SUPPLIED MATERIAL:
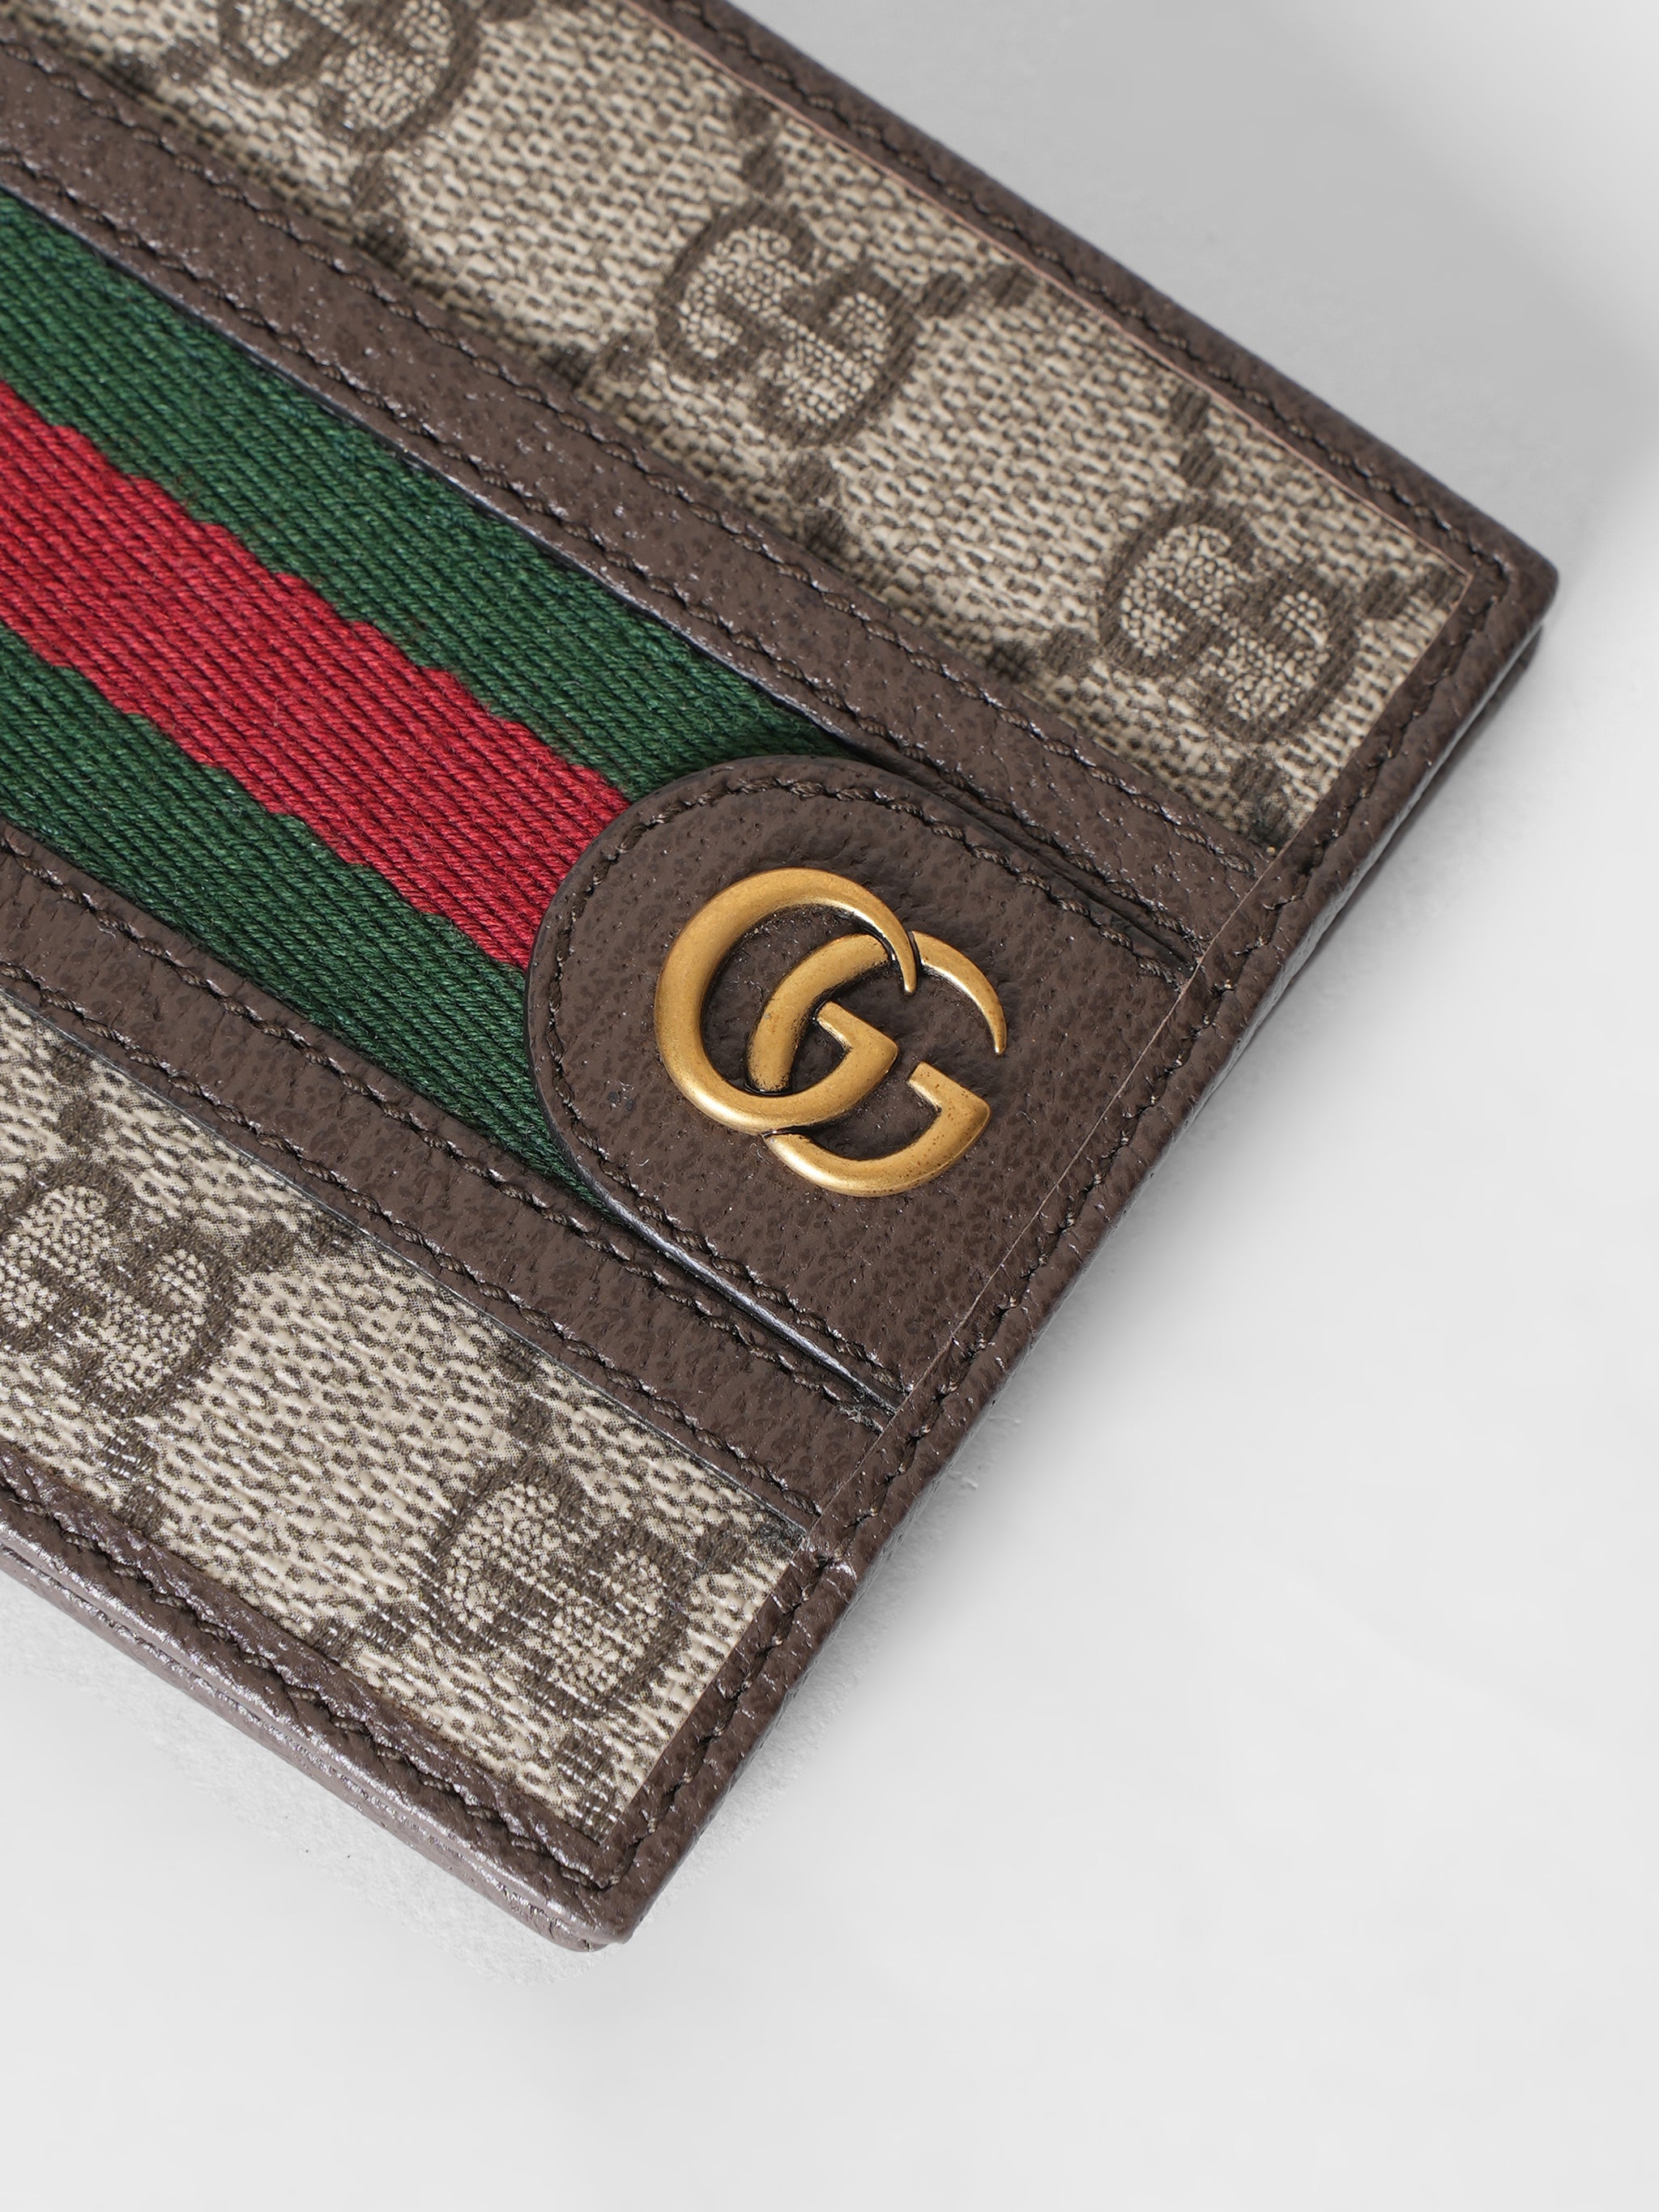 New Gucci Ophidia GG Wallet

---

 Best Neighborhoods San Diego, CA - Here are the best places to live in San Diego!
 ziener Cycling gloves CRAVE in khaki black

PROBLEM DETAILS: Scan the records above for the lines holding "Best Neighborhoods San" and "ziener Cycling gloves CRAVE in khaki black". Transcribe those two and every line between them word for word, and no others.

EXERCISE RESPONSE:
 Best Neighborhoods San Diego, CA - Here are the best places to live in San Diego!
 ziener Cycling gloves CRAVE in khaki black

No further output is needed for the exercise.